存在しない BLOB のブロックを作成すると、長さが 0 バイトの新しいブロック BLOB が作成されます。 この BLOB は、コミット前の BLOB を含んだ BLOB 一覧に反映されます。 この BLOB にブロックをコミットしない場合、最後に成功したブロックアップロードの 1 週間後に、ブロックとそのコミットされていないブロックが破棄されます。 同じ名前の新しい BLOB を (ブロックのアップロード後にコミットするという 2 段階プロセスではなく) 1 回のステップで作成した場合も、コミットされていないブロックがすべて破棄されます。
ページ BLOB について
ページ BLOBは、ランダムな読み取りと書き込みの操作用に最適化された 512 バイトのページのコレクションです。 ページ BLOB を作成するには、ページ BLOB を初期化し、ページ BLOB の最大サイズを指定します。 ページ BLOB の内容を追加または更新するには、オフセットと両方が 512 バイトのページ境界に揃える範囲を指定して、ページまたはページを書き込みます。 ページ BLOB への書き込みでは、1 ページ、一部のページ、または最大 4 MiB のページ BLOB のみを上書きできます。 ページ BLOB への書き込みはインプレースで行われ、BLOB に即座にコミットされます。 ページ BLOB の最大サイズは 8 TiB です。

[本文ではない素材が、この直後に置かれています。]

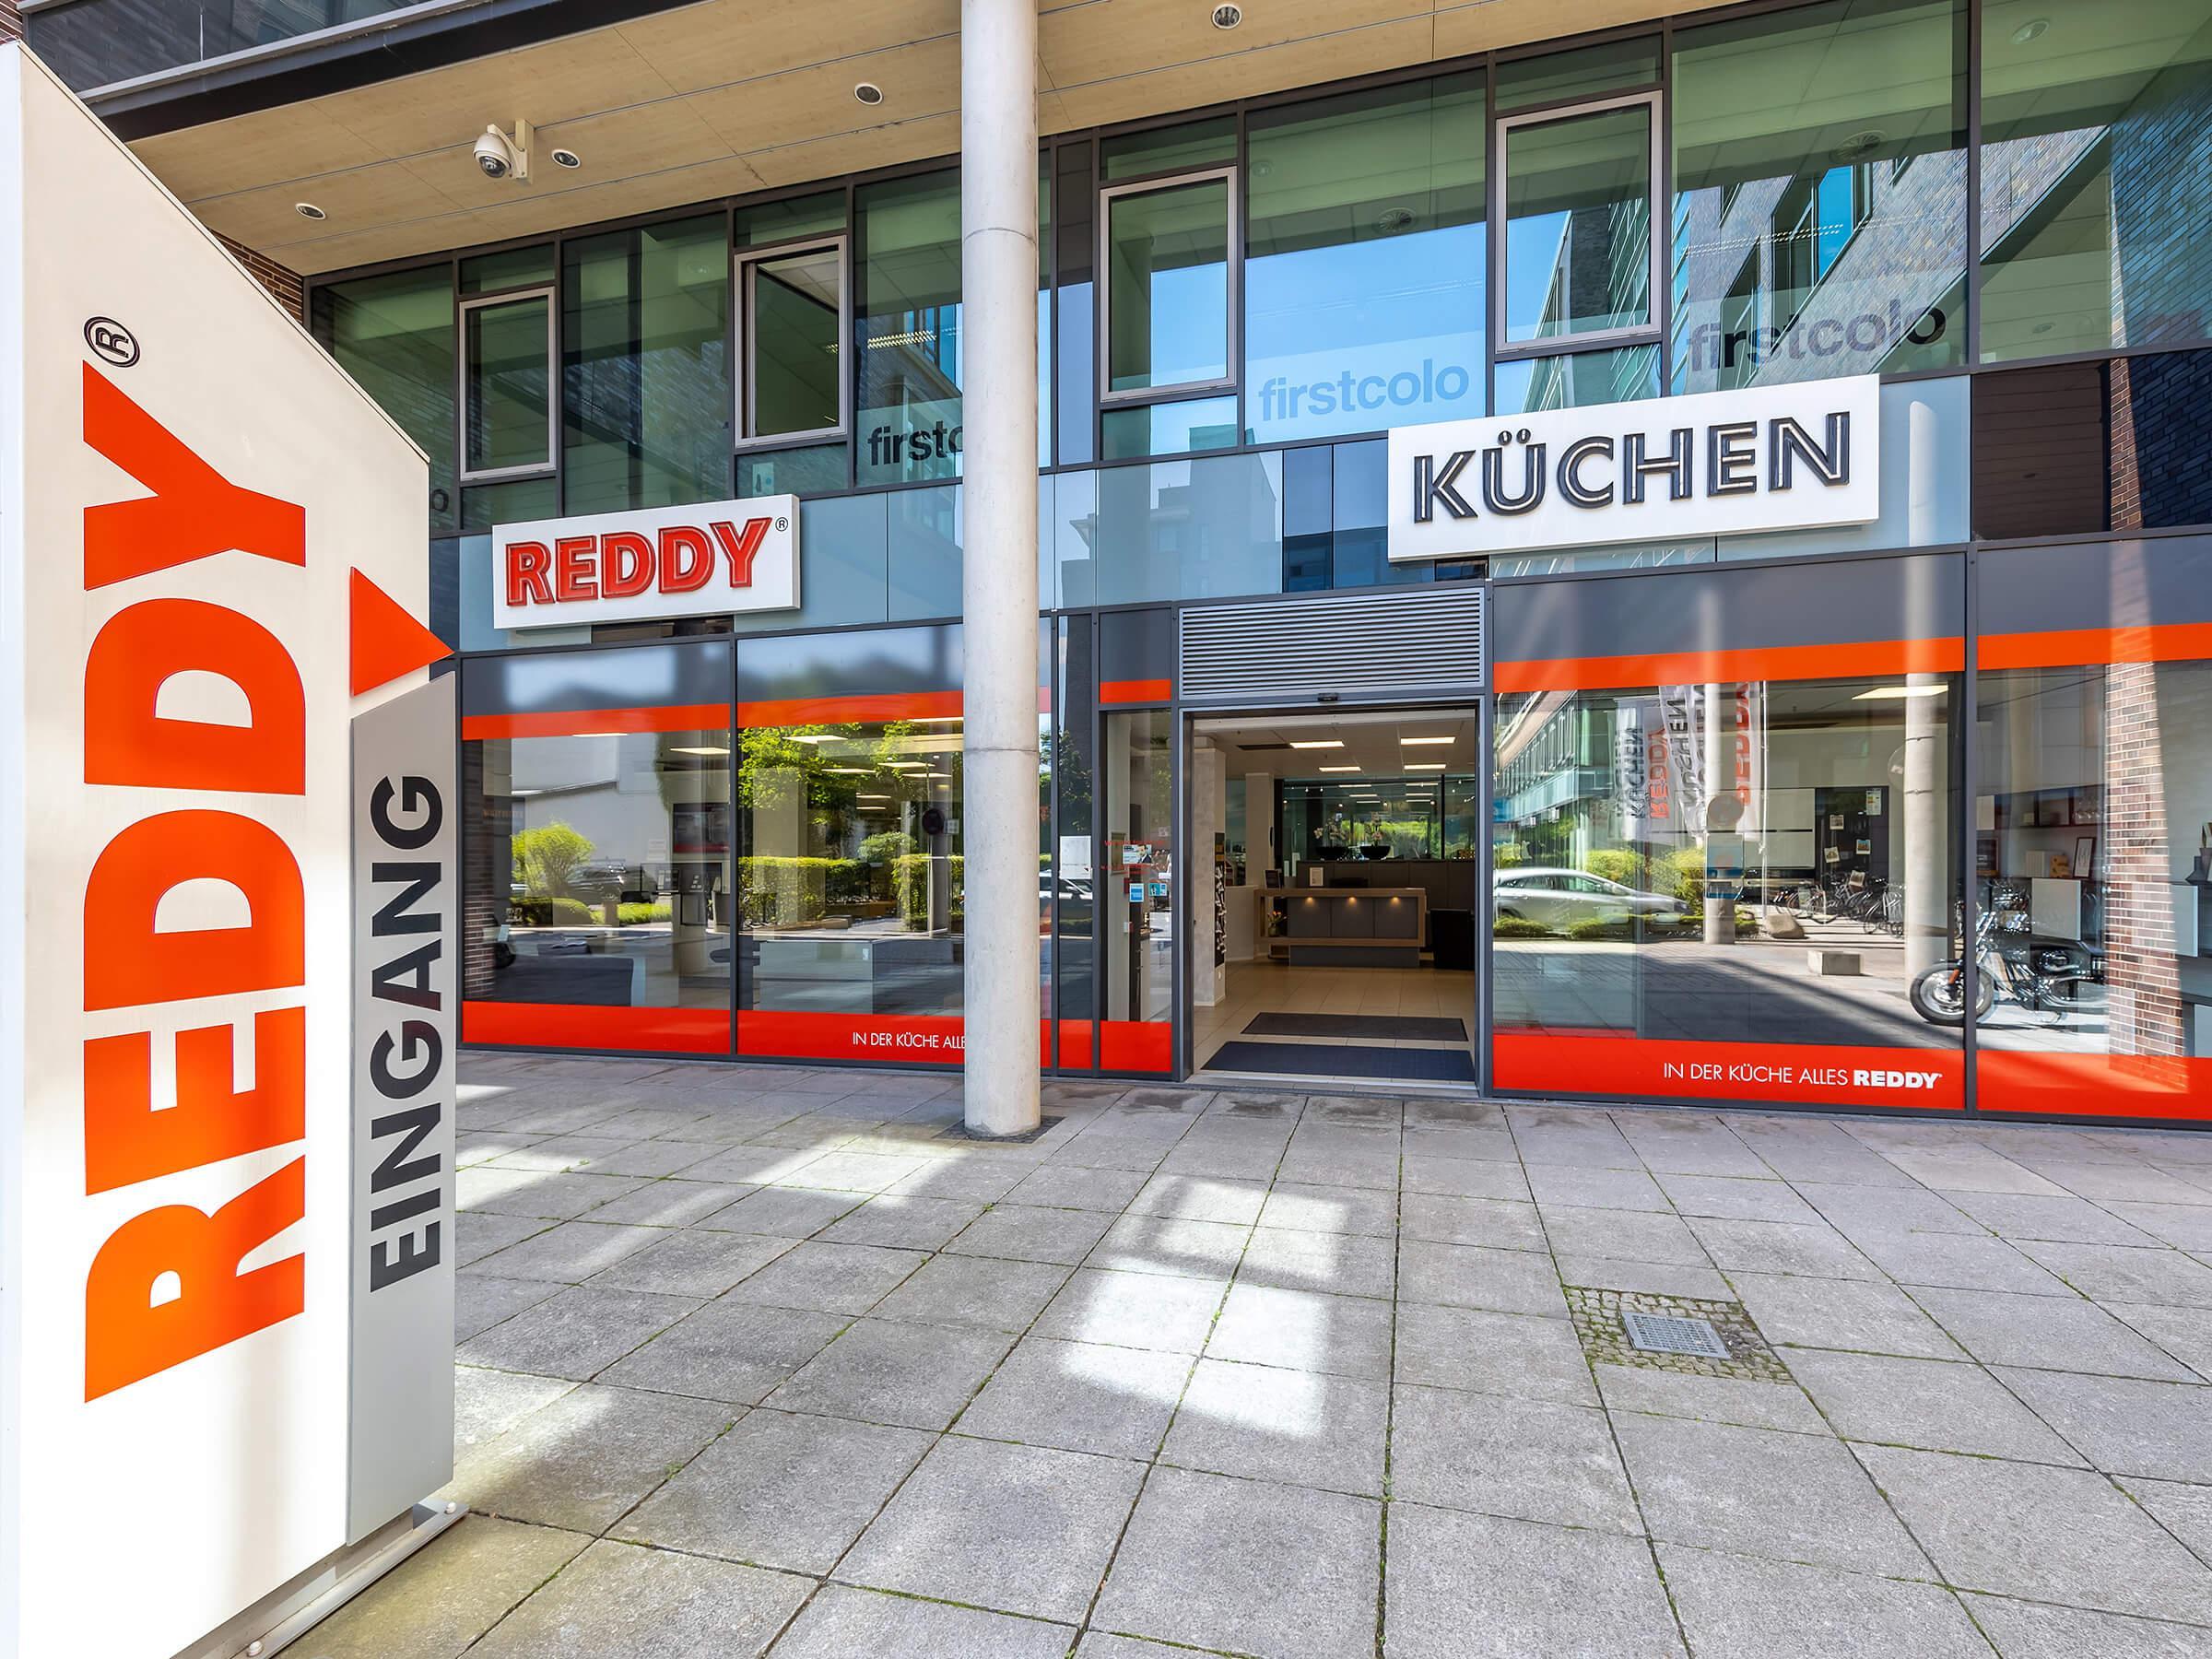 reddy küchen frankfurt: tolle küchen & top-service - Küche Reddy

Azure 仮想マシン ディスクは、ページ BLOB によってサポートされます。 Azure には、Premium と Standard の 2 種類の永続ディスク ストレージが用意されています。 ページ BLOB の Premium Storage は、一貫した高パフォーマンスと低待機時間を必要とする Azure 仮想マシン ワークロード向けに設計されています。 詳細については、「IaaS VM のディスクの種類を選択する」の「Premium ソリッド ステート ドライブ (SSD)」セクションを参照してください。 ページ BLOB の Premium Storage のスケーラビリティ ターゲットの詳細については、「 Azure Storage のスケーラビリティとパフォーマンスのターゲット」を参照してください。
追加 BLOB について
追加 BLOB はブロックで構成され、追加操作用に最適化されています。 追加 BLOB を変更すると、ブロックは追加ブロック操作を介して BLOB の末尾にのみ 追加 されます。 既存のブロックの更新または削除はサポートされていません。 ブロック BLOB とは異なり、追加 BLOB はブロック ID を公開しません。
追加 BLOB 内の各ブロックは、最大 4 MiB の異なるサイズにすることができ、追加 BLOB には最大 50,000 個のブロックを含めることができます。 したがって、追加 BLOB の最大サイズは 195 GiB (4 MiB X 50,000 ブロック) をわずかに超えています。